*Description of the task:* Restate each line below word for word, skipping every picture.
** Information supplied follows **
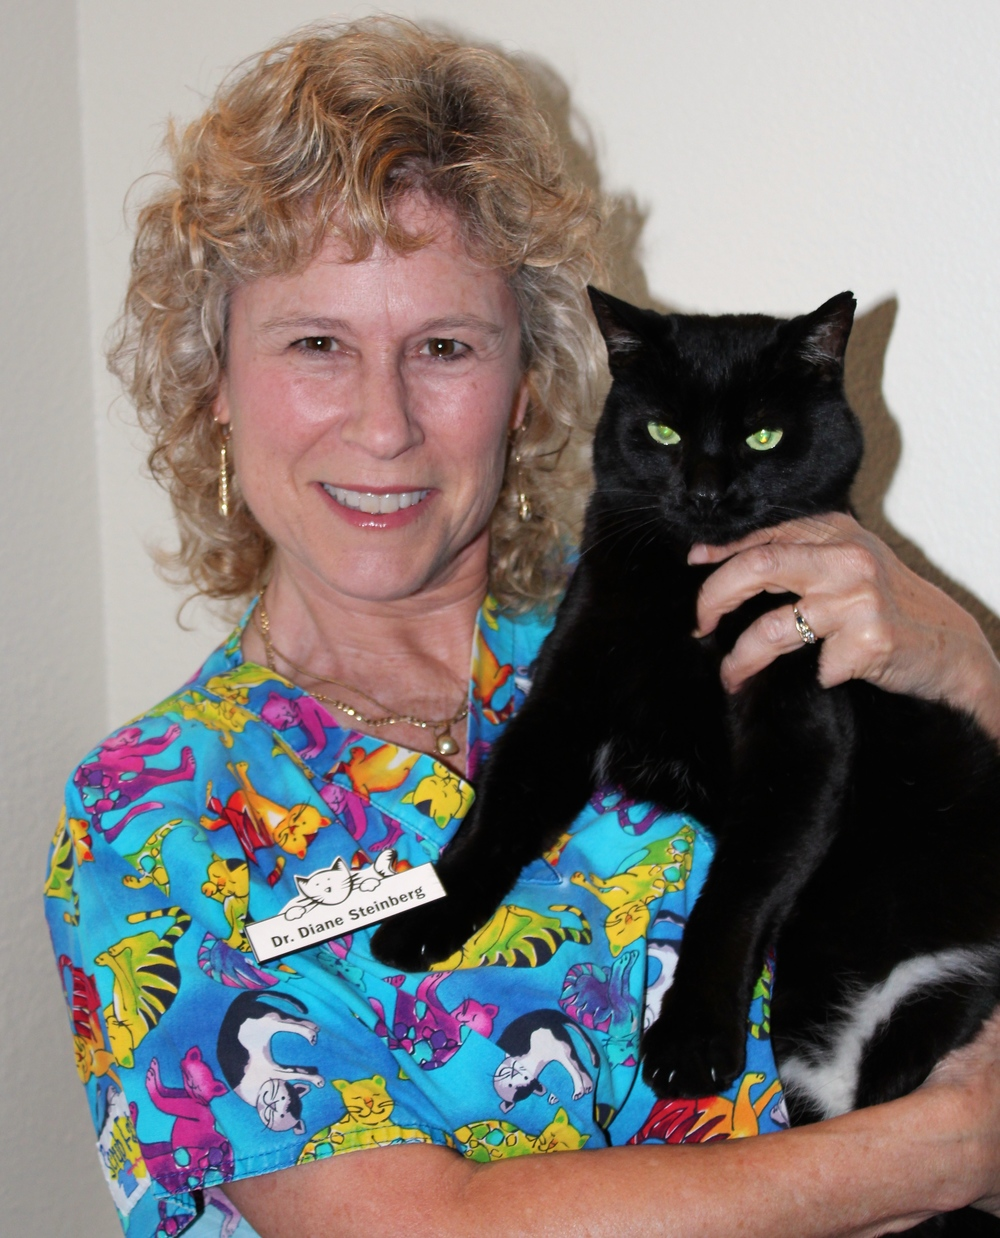 Diane Steinberg, DVM, DABVP (Feline)
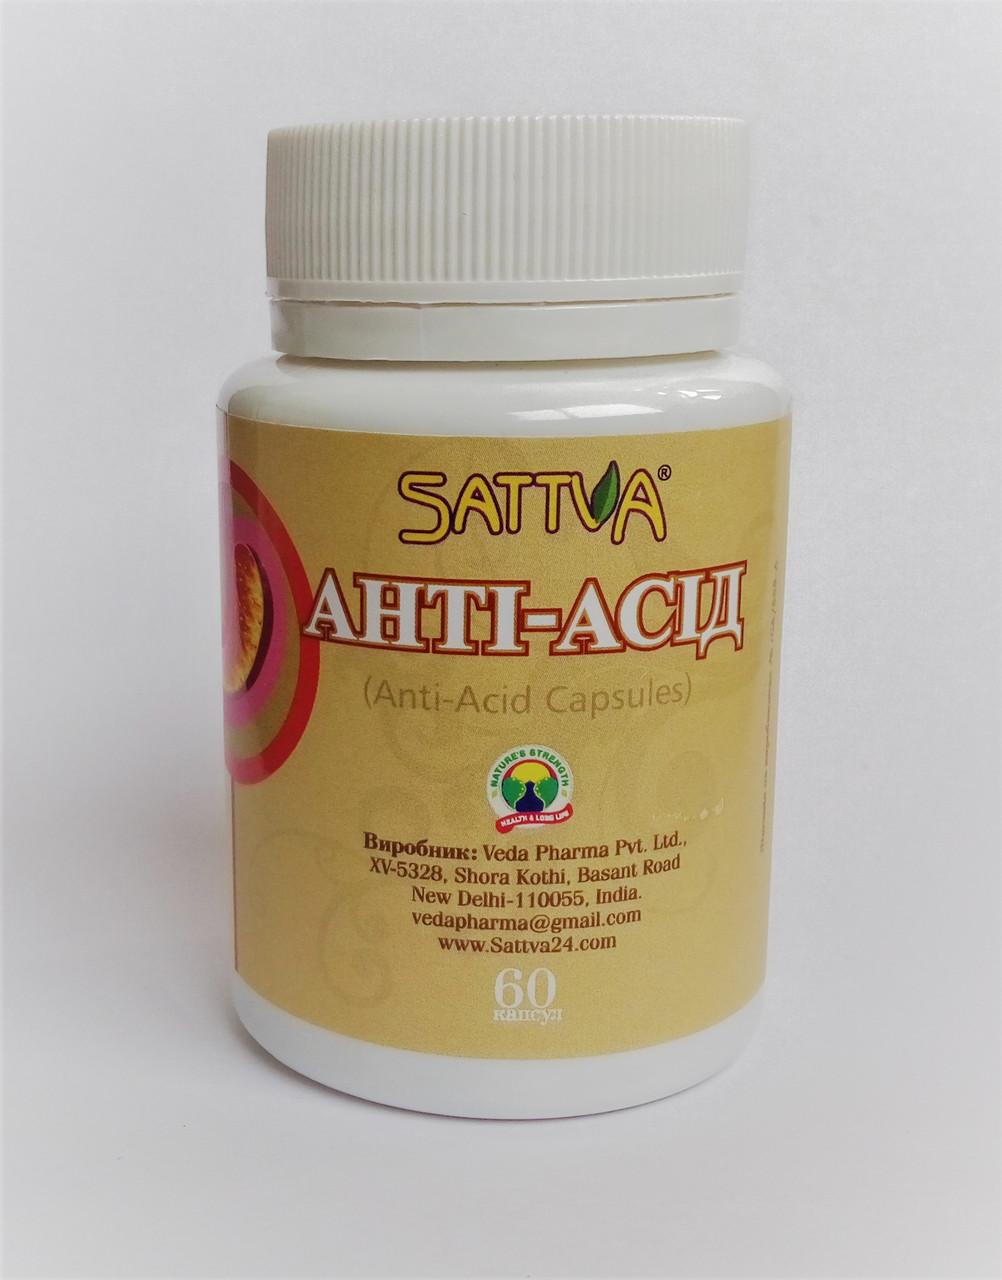 Анти-асид аюрведический препарат для снижения кислотности желудка
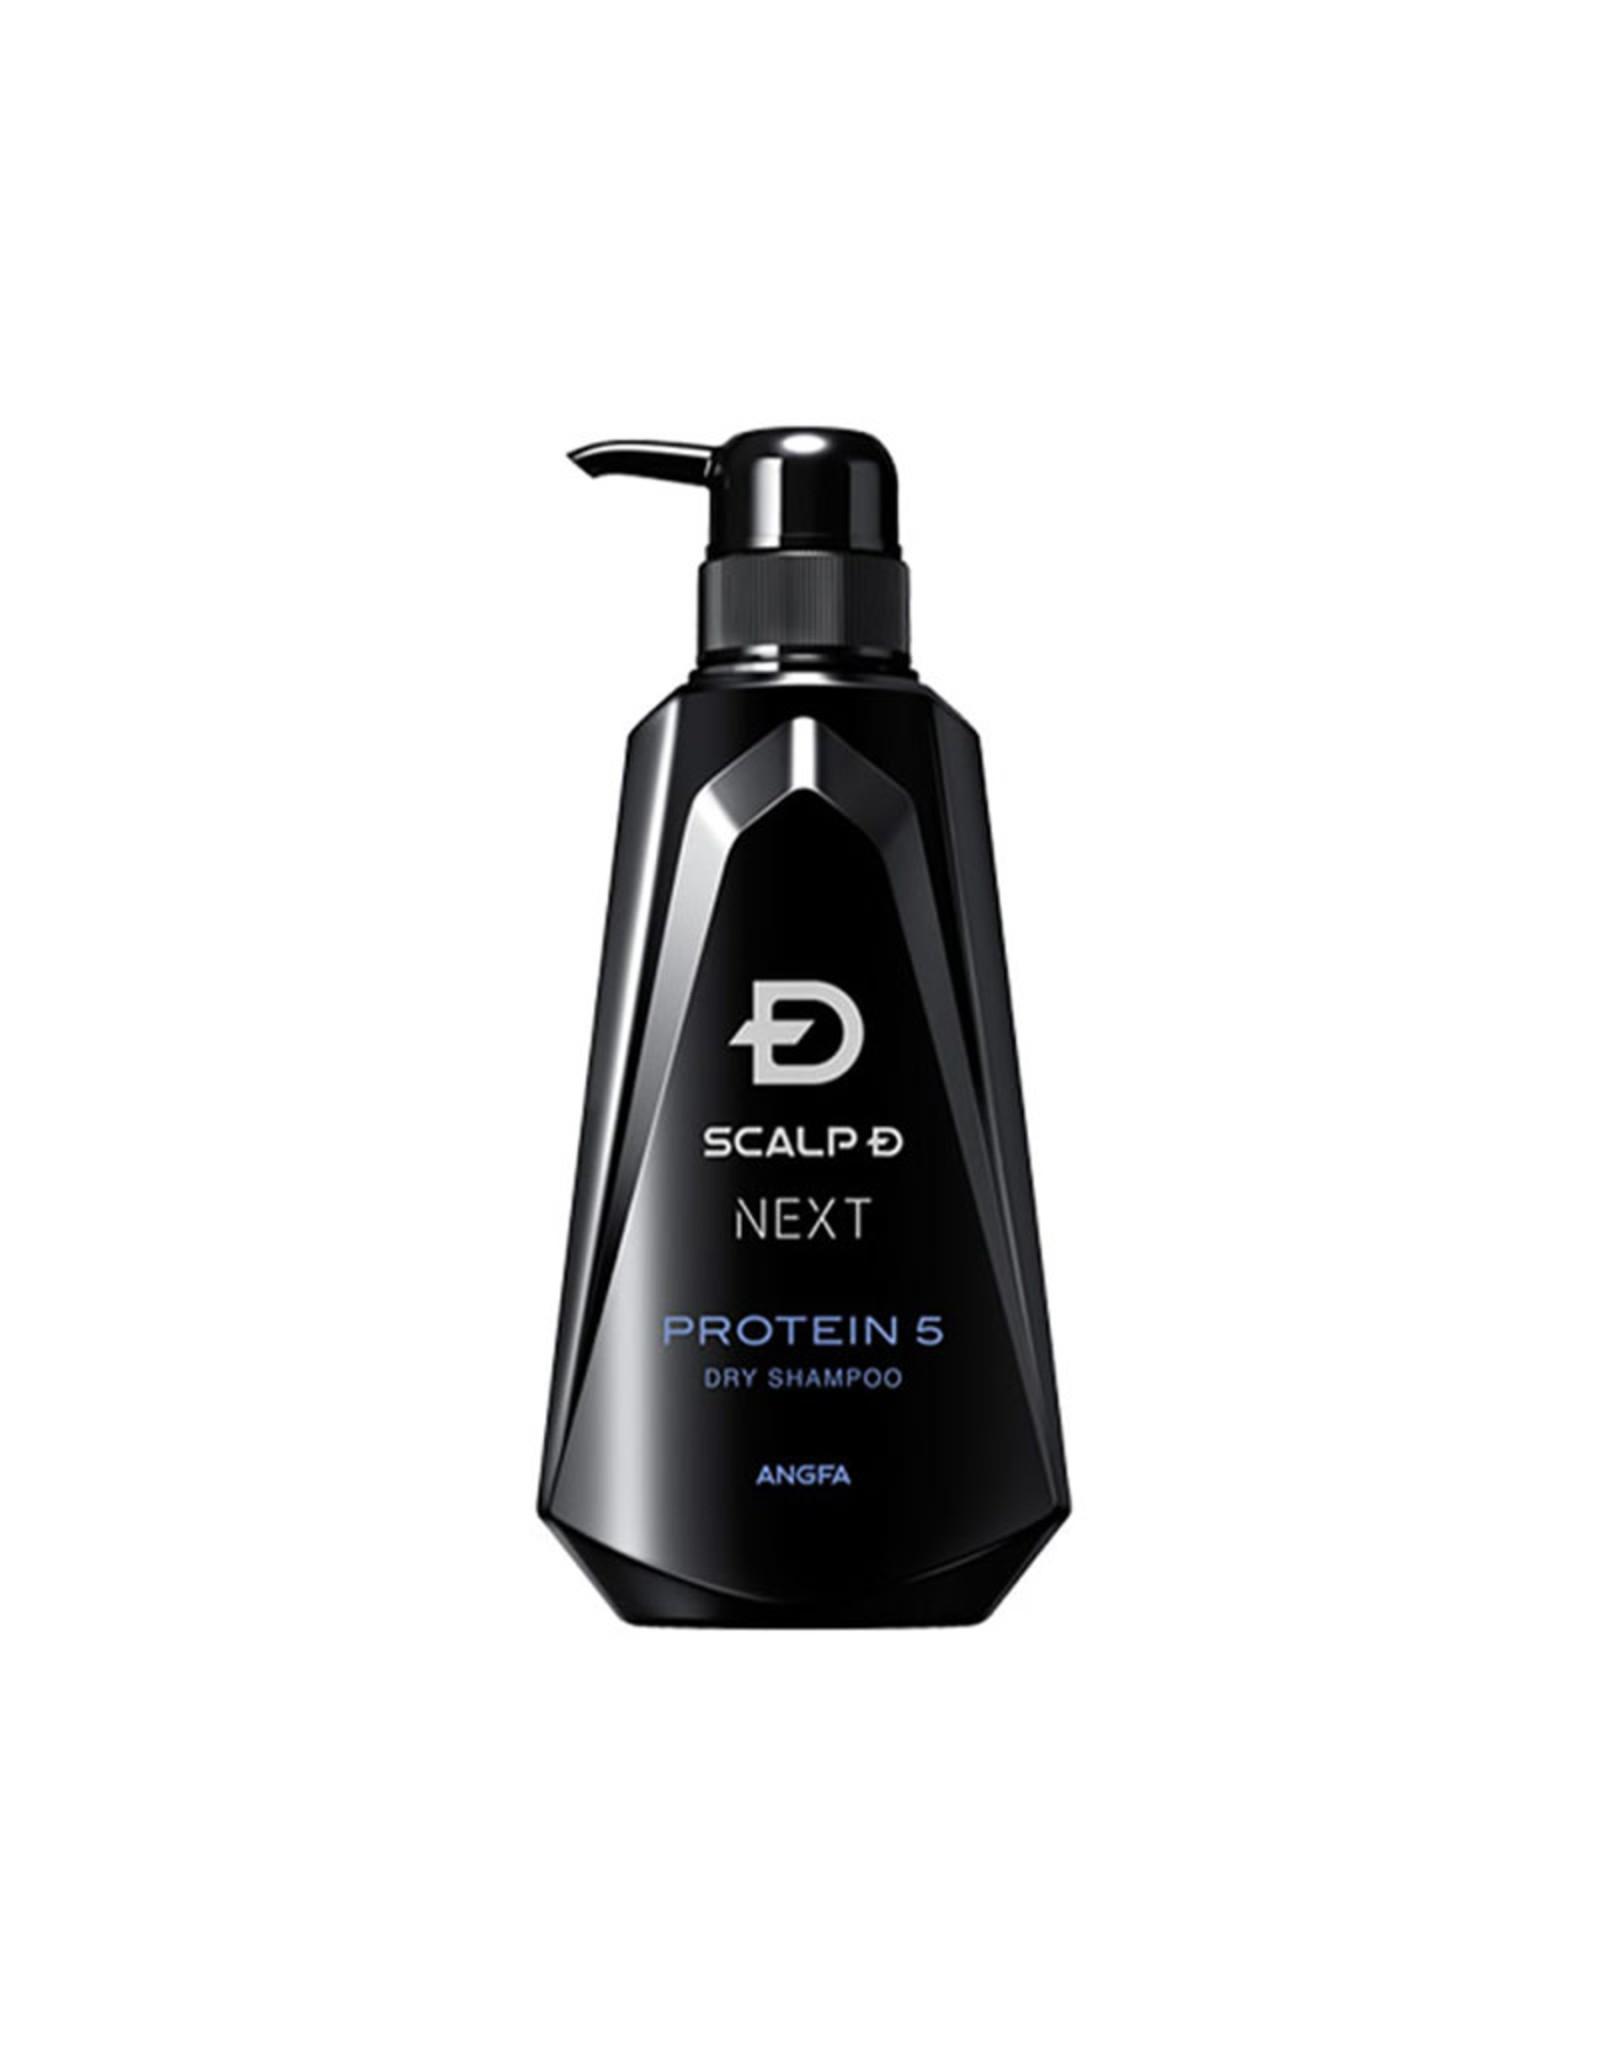 Angfa ANGFA Scalp D Next Protein 5 Shampoo Dry
** End of Information supplied **
*Result of this exercise:*
 Diane Steinberg, DVM, DABVP (Feline)
 Анти-асид аюрведический препарат для снижения кислотности желудка
 Angfa ANGFA Scalp D Next Protein 5 Shampoo Dry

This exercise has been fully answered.